И самое страшное, что он это сделает, понял вдруг Волынский. Ради этого проклятого ощущения относительной безопасности. Ради Любочки, Маши, ради Оли, в конце концов. Так он продаст жизнь одних за спокойствие других и еще порадуется сходной цене.
Ему вспомнился, как будто это было вчера, разговор с особистом перед освобождением. Ему вручили направление на руководящий пост и мягко намекнули, что взамен он должен будет иногда выполнять задания неких государственных институтов и выполнять некоторые поручения вышестоящих органов. И при этом не задавать никаких вопросов, разумеется. Словом, заручились его лояльностью.
«И вот на что ее рано или поздно употребят…» – с ужасом понял он.
– Благо ваш острый ум и прекрасное образование не должны пропасть. Вы же не можете работать рабочим или водителем. А на другие должности бывших заключенных берут редко…
Человек, беседовавший с ним, мягко и доверительно улыбался. И Серафима Ивановича неприятно поразило то, что вопреки воле его рот тоже начал растягиваться в ответной гримасе.
Нет, такой жизнью жить нельзя! Уж лучше оборвать все одним махом. Но до этого надо вызволить отсюда Олю…
Он не терял надежды вернуть Ольгу к жизни. Он еще раз тщательно изучил список лекарств, которые она принимала. В последнее время ничего серьезного – только витамины да добавки.

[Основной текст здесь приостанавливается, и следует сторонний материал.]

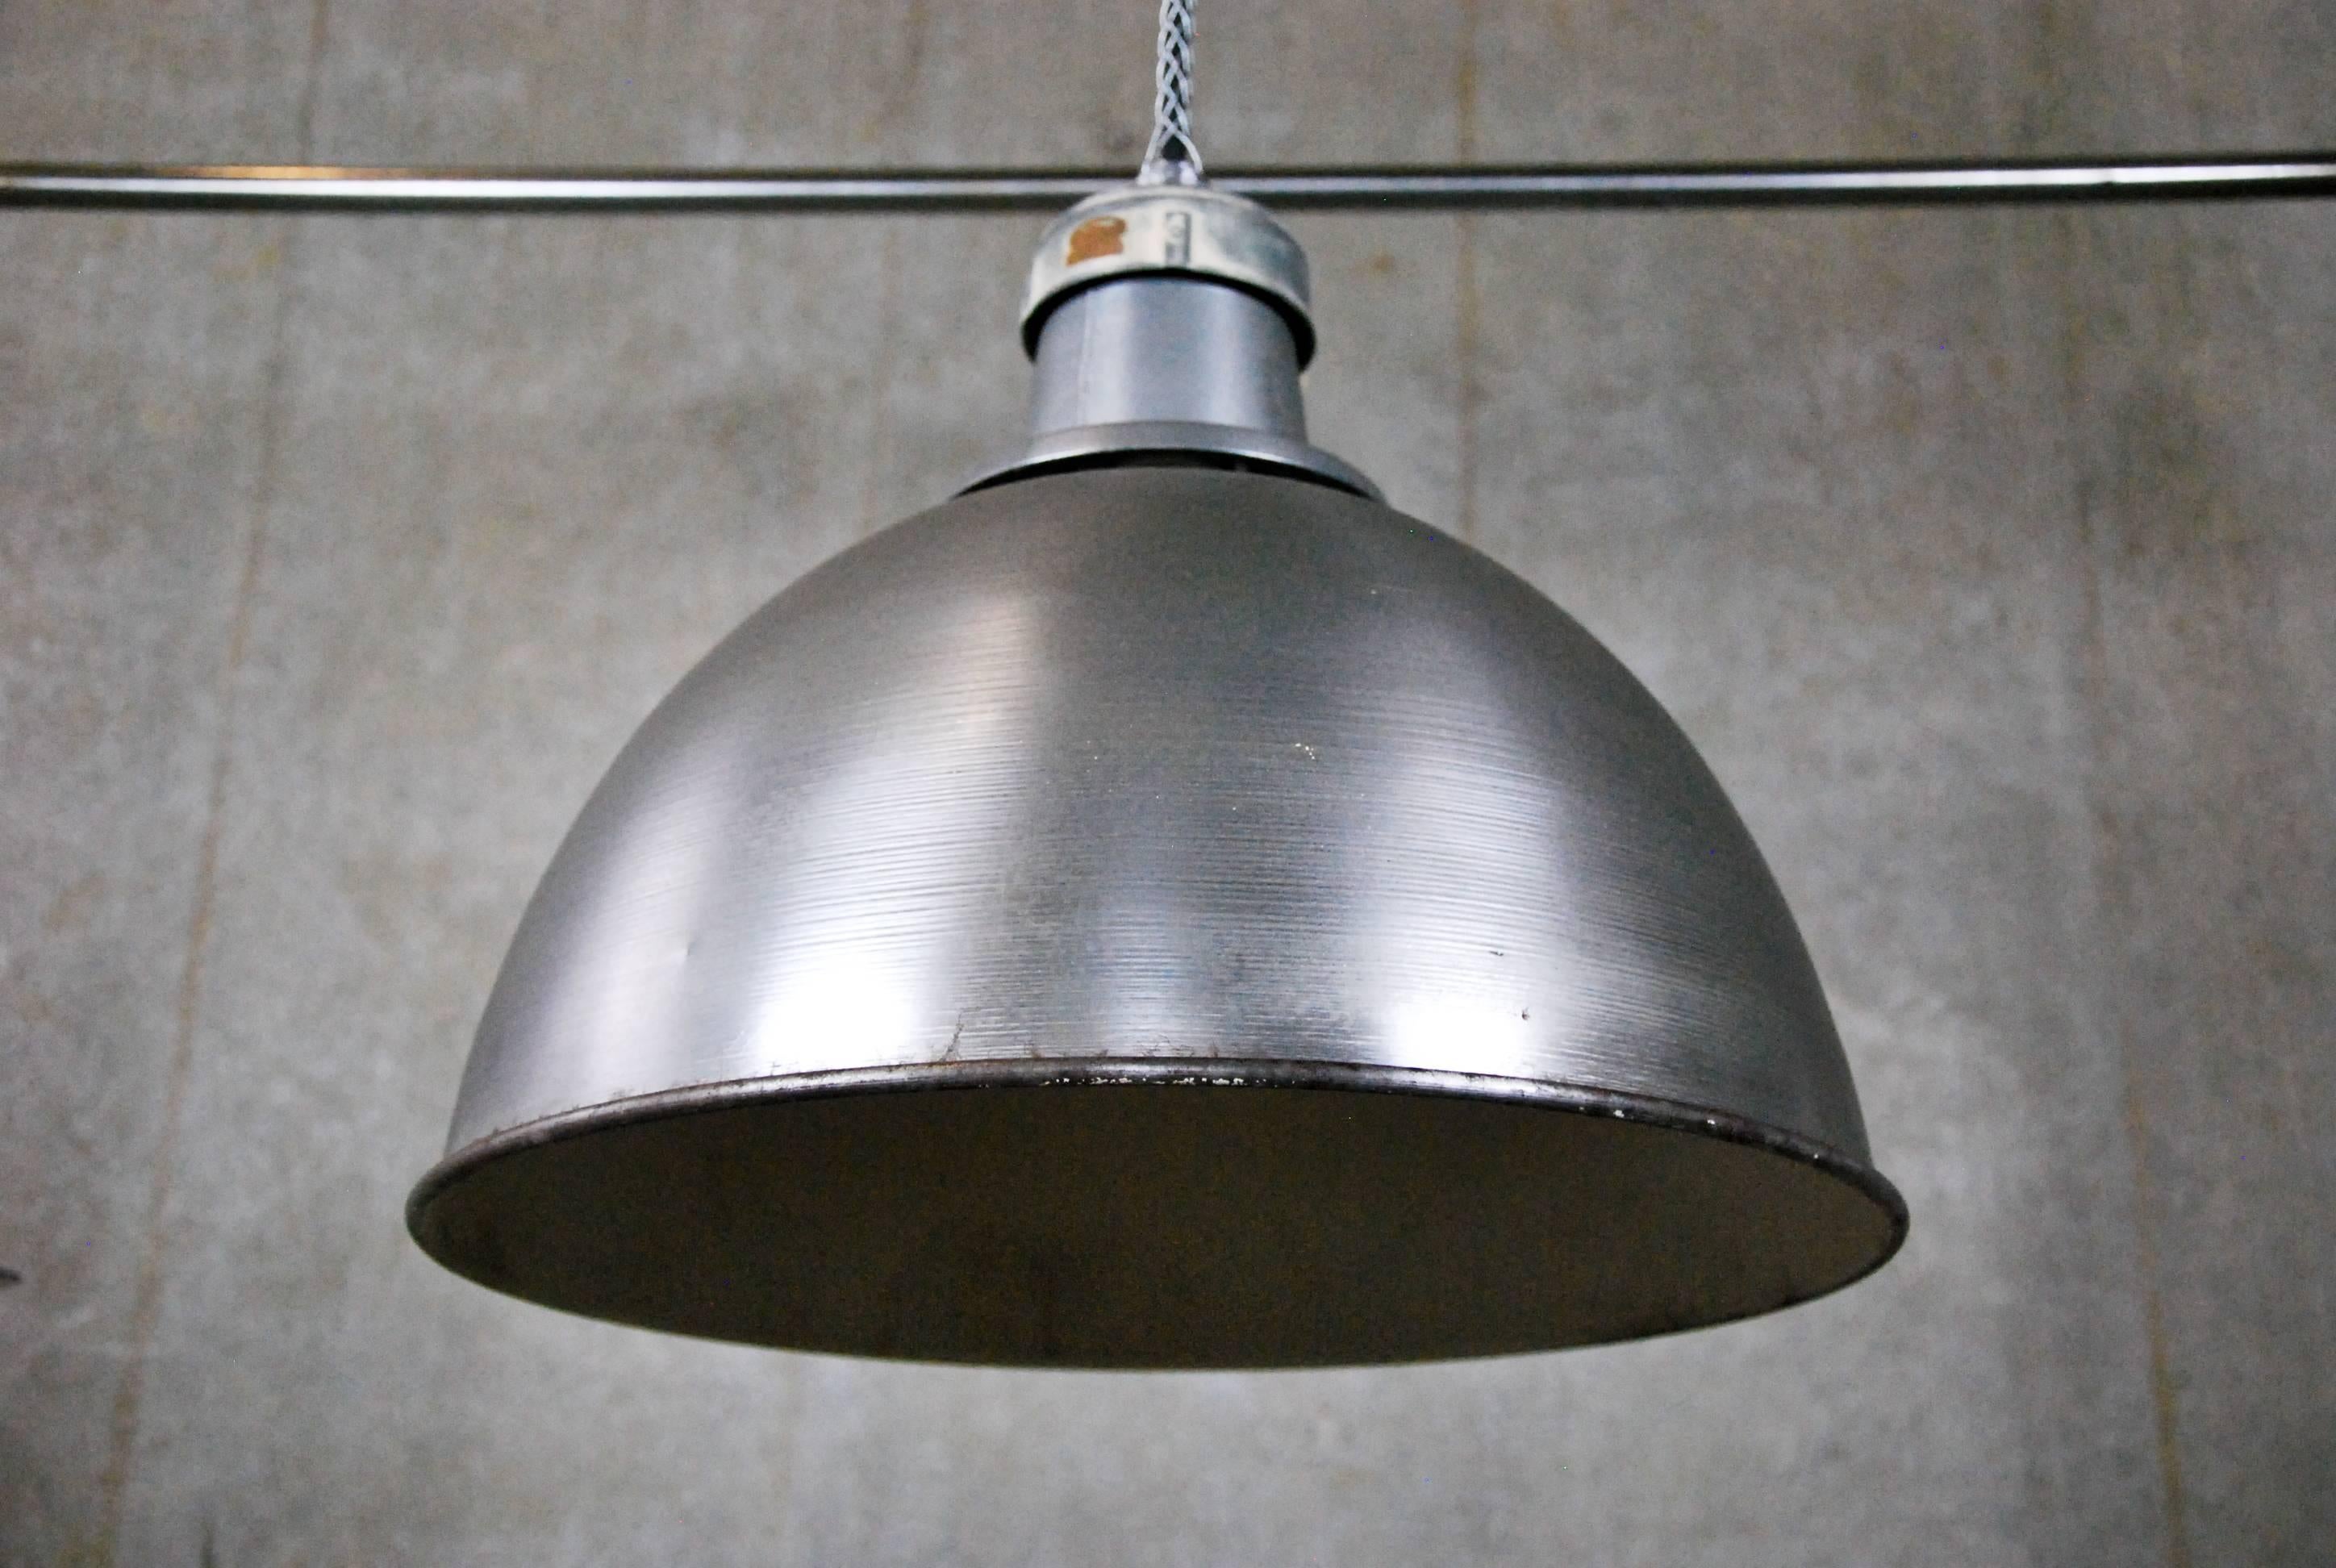 Vintage 16-inch diameter spun steel pendant lights, salvaged from a factory in Montreal, Quebec. We have 15 of these dome-shaped industrial lights. They have been re-wired and CSA approved, and currently hang on 8 feet of cable. Ceiling mounting

– Все препараты, глушащие психику, ей уже отменили, – заметил Тихон Алексеевич. Он с интересом следил за попытками Волынского. Только непонятно, был ли это интерес врача, решающего медицинскую проблему, или его приставили следить за этим сумасбродным профессором. А вдруг тот и вправду набредет на такое, что можно будет использовать в государственных интересах?
«Нужно найти ее родных – мужа и дочку, – решил Волынский, – так просто процесс не сдвинется. А если в мозгу, образно говоря, еще есть живое место, то это может помочь. Ведь когда больного выводят из шока, его при этом надо всячески стимулировать: обращаться к нему с вопросами, тормошить, беспокоить…»
Но поиски результатов не дали – все письма Волынского во всякие инстанции оставались без ответа. Родная деревня Ольги была стерта с лица земли. В общем, и здесь он уперся в тупик.